Testamento de Ismael Nery


Esperei até hoje para que vos me descobrísseis. Quis dar-vos o prazer de vos sentir crescer. A minha excessiva proximidade impediu, porém, que me olhásseis como realmente sou. Contar-vos-ei agora a minha história, e descreverei o meu físico para que disto tireis o proveito necessário e justifiqueis a minha e a vossa existência.

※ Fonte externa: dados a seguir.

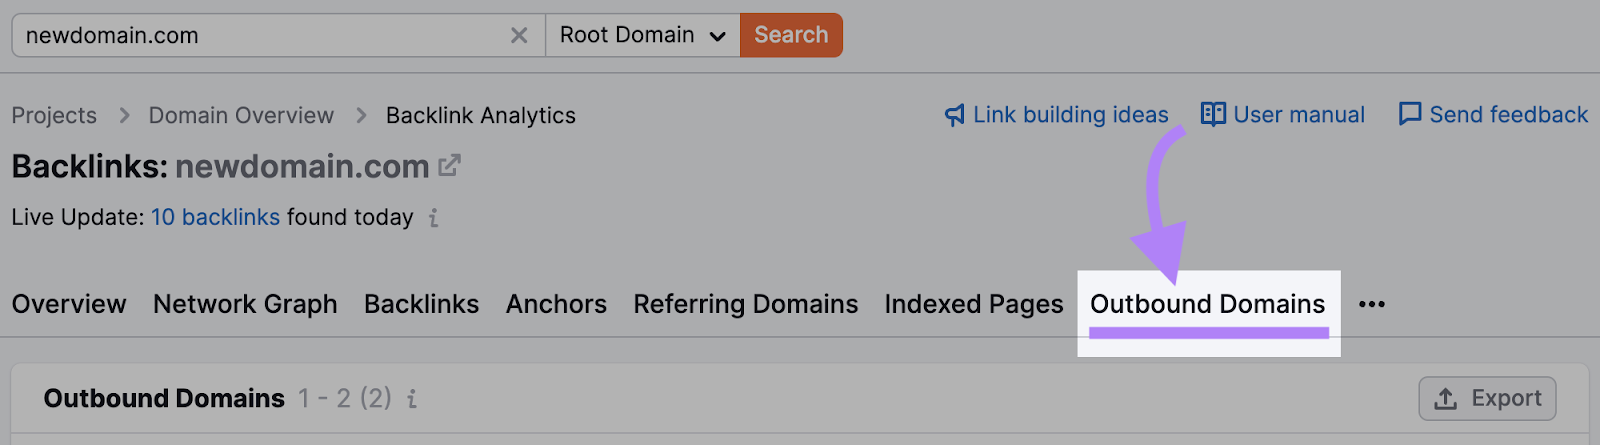 "Outbound Domains" selected from the Backlink Analytics tool upper menu
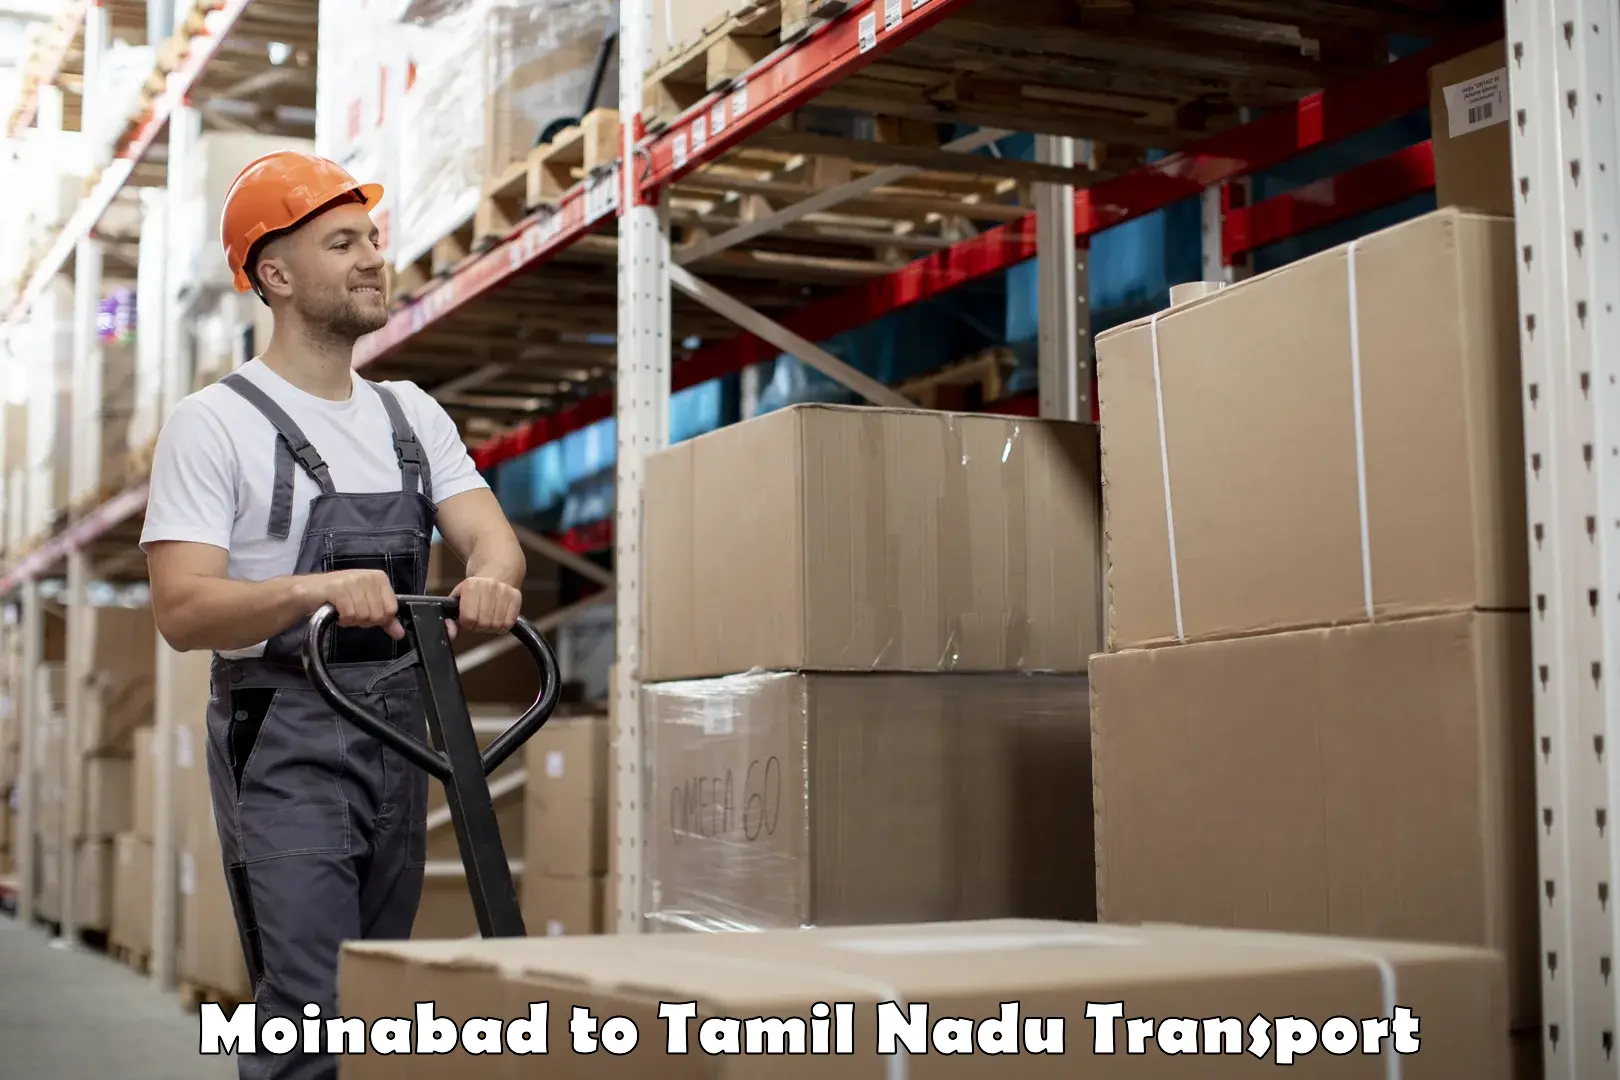 Online transport service Moinabad to Gobichettipalayam

Pertenço a esta espécie de homens que não constroem nem destroem, mas que explicam toda a construção e toda a destruição. Eu sou um predestinado, como foram também, meus predecessores e como serão os meus sucessores. Através dos séculos deveremos desenvolver o gene que no princípio da vida recebemos. Nós somos os grandes sacrificados que sofrem por todo o erro e atraso dos homens. Somos os homens que amam e consolam: não somos amados nem consolados. Se não fossemos portadores do germe de que vos falei, há muito que a nossa raça teria acabado violentamente. Quando tudo tiver atingido seu fim, aí começara nossa visível utilidade. O homem agora distribui suas esperanças na arte e na ciência. Chegará um tempo em que a arte e a ciência não bastarão mais para suprir a ânsia crescente de compreensão que a humanidade tem. Toda a arte resume-se em suprir as necessidades científicas, toda a ciência resume-se num estudo do equilíbrio da vida e numa tentativa formidável de conhecimento da matéria da vida. Ah! Se nós nos pudéssemos conhecer, ou se, pelo menos, pudéssemos chegar a conhecer um outro homem! A solidão do homem é o que mais o apavora na vida. Os homens se olham como desconhecidos com as mesmas roupas. Vivemos desconfiados – tudo fazemos para garantir o que possuímos, com medo dos ladrões de toda espécie que vemos em todos os homens. 
Inventamos o direito e a polícia; pomos em nossas casas grades de ferro e portas de bronze. O homem se esquece de que o que possui moralmente não é acessível aos ladrões, mas aumenta seu desassossego comas suas posses fiscais, esquecendo a ciência por ele já conquistada. Para que guardais uma mulher que não é vossa? Para que vos bateis por uma ideia que não sentis? Para que duas casas com um só corpo? Para que o sustento de uma vida sem consolo? Ah, a esperança! Que é a esperança? Tenhamos esperança – aumentamos a esperança – eu em Deus e vós em mim e em meus sucessores. Um conselho vos dou, com a autoridade que me conferem as rugas de minha testa, o meu olhar febril e minhas mãos mutiladas: não façais o que vos causar nojo, mesmo que tal nojo seja mínimo. Orientai vossa ciência para conseguirdes um aumento micrométrico de vossas sensibilidades. Já reparastes, meus irmãos, que vivemos num mundo em que existem soldados, juízes e prostitutas? Onde se encarcera um homem pelo depoimento da testemunha, ou se enforca um outro por insultar um líder? Existem testemunhas? Existem líderes? Que é a vontade do povo? Que é o bem geral? Já fizestes, com a ciência que tendes, a psicologia de um chefe? Por que não acreditar em Deus, quando acreditais até nos regimes políticos? 
A humanidade, como as plantas, precisa de estrume. Dos nossos corpos renasceram aqueles corpos gloriosos que encerram as almas dos poetas, aquele de que nós já trazemos o germe. Tudo foi feito no princípio – porém tudo só existirá realmente em tempos diversos. Os poetas serão os últimos homens a existir, porque neles é que se manifesta a vocação transcendente do homem. 
Todo o homem recita um poema na véspera de sua morte. A humanidade recitará também o seu nas vésperas da sua, pela boca de todos os homens que nesse tempo serão poetas.